外伝 第二章 5
※
毛布にくるまって、暖かさの中で丸くなる。
暖炉で火が揺れている。人形や積み木が散らばっている。私の横には父がいる。
これは夢だ。
私はいつも夢を客観的に見る。どこか冷めている。傍観者として夢に浴する。
父は開いた絵本を顔にかぶせて眠っていた。瞳の動きだけで兄を探す。兄は壁にもたれてコーヒーをすするように飲んでいる。ふっくらとした肉厚なソファは、私と父に譲ったらしい。
起きたか、と兄が言う。寝るなら寝室まで運んでやろうか、と。
ここが暖かいよ、ここで寝ようよ、と私が言う。その言葉も私は第三者的に聞く。
失われたものだから。
もう二度と戻りはしない時間だから。夢の中でもそれに耽溺することはない。
兄は毛布を取ってきて、ソファに三人が詰めて座る。少し窮屈だったけれど、より暖かくなった気がする。

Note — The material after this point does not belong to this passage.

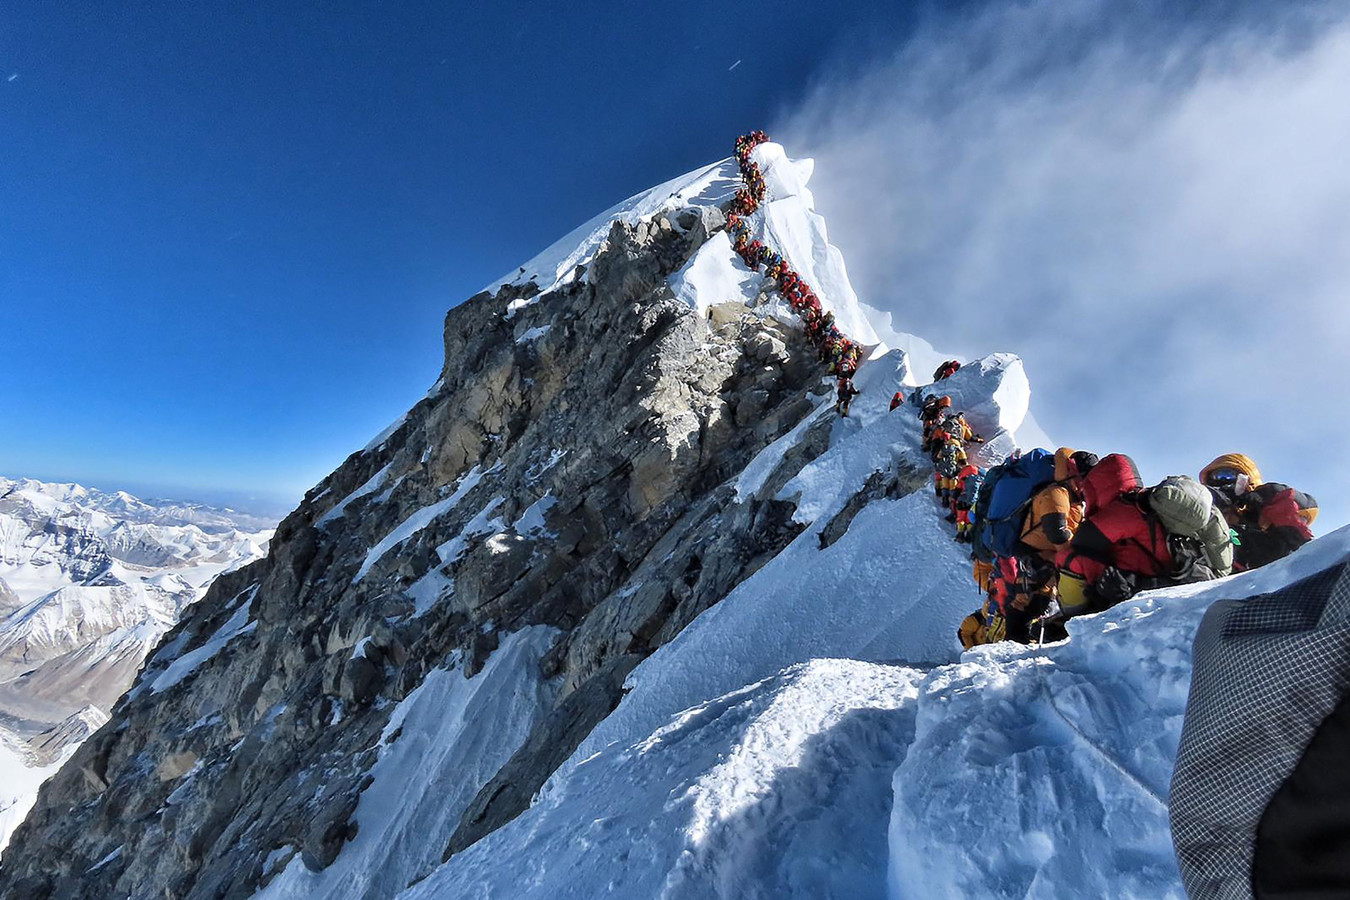 Des photos impressionnantes montraient ces derniers jours une longue queue d'alpinistes emmitouflés piétinant en crampons les uns derrière les autres sur l'arête située entre la cime et le col Sud, où se trouve l'ultime campement du versant népalais.
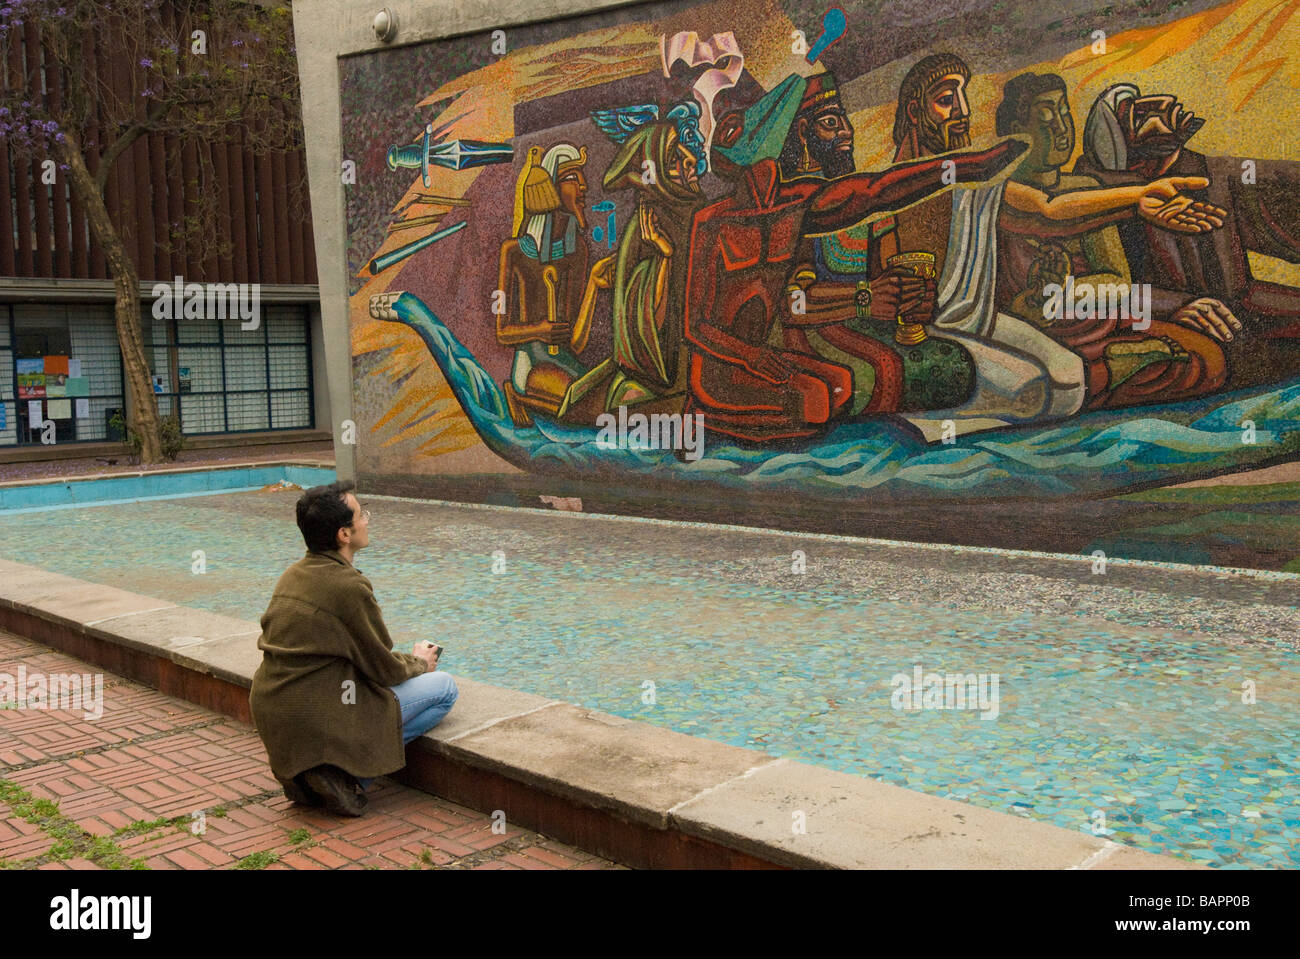 Jose chavez morado mosaic mural el retorno de for El mural pelicula online

外は雪だろうか。白夜が近いかも知れない。薄暮と月光と雪原、いくつもの仄白いものが混ざり合っているだろうか。
兄さん、と私が言う。
どうした、と兄が答える。
私は何を言っただろうか。何が言いたいのだろうか。父と兄と私で、どんな言葉を共有したいのか。
わからない。
もう失われたものだから。
死者は語らず。
そして、語りかけることも、二度とは。
※
静かに目を開ける。
暗闇。遠くで電子音が響いている。
銀色のアルミブランケットをそっと身体から剥がす。確かに保温性はいいのだろうが、どうしても味気なさがつきまとう。だから毛布にくるまる夢など見るのか。

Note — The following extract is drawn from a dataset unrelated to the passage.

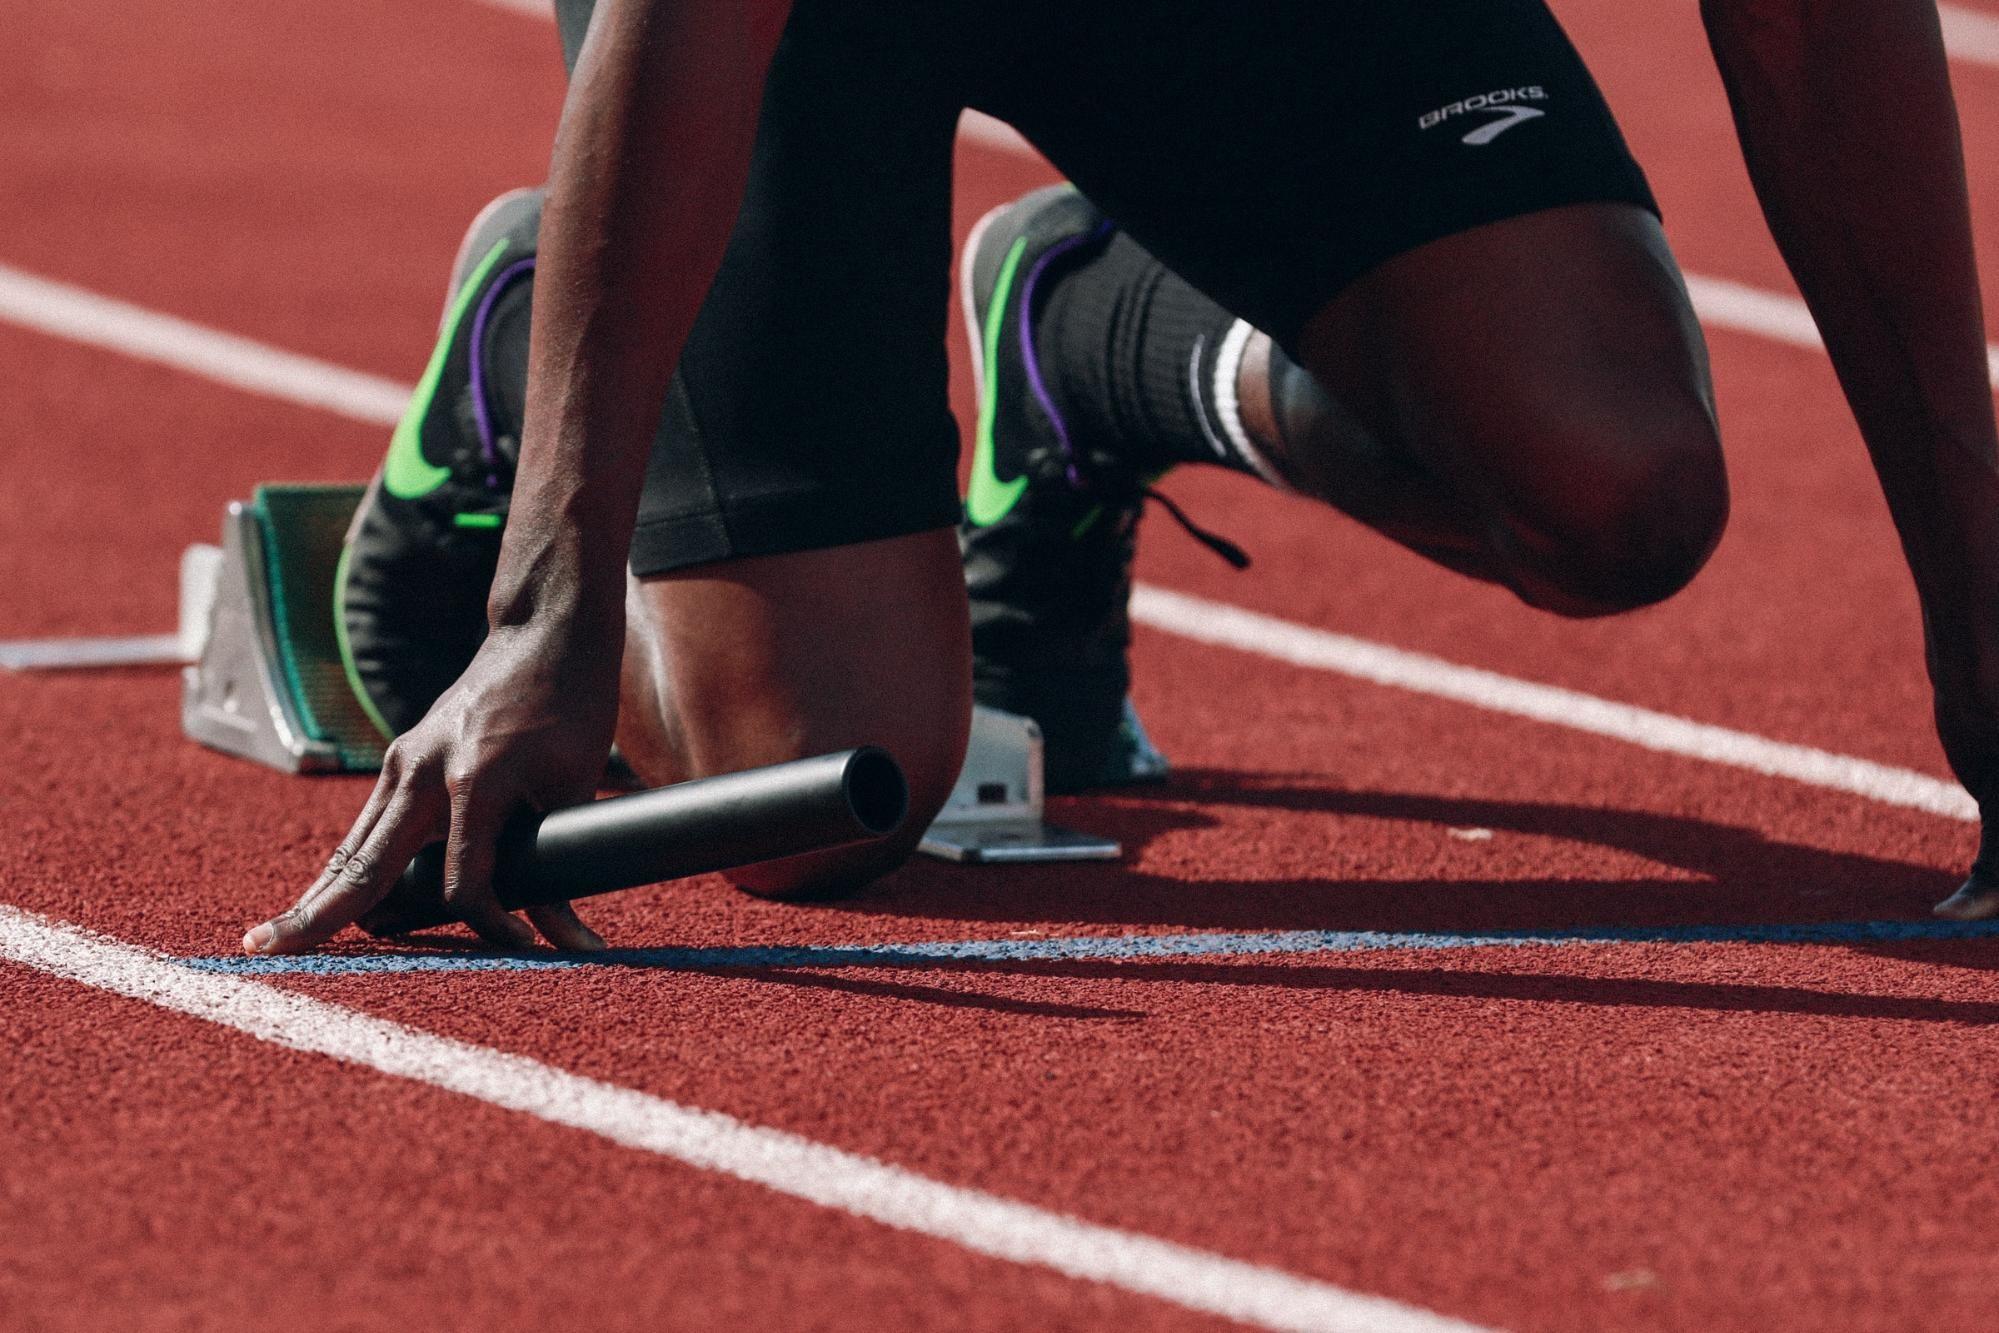 Бег: как начать бегать правильно и эффективно? - изображение 1

晰星はまだプレイを続けている。私は音を立てぬように背後に近づき、そのプレイを眺める。晰星には及ばないかも知れないが、最大限の集中を意識する。
晰星のプレイは興味深い。十数時間と眺めてきて理解した。彼女の挑んでいるゲームは人間の限界に限りなく近いところにあり、彼女はまさに限界点に肉薄している。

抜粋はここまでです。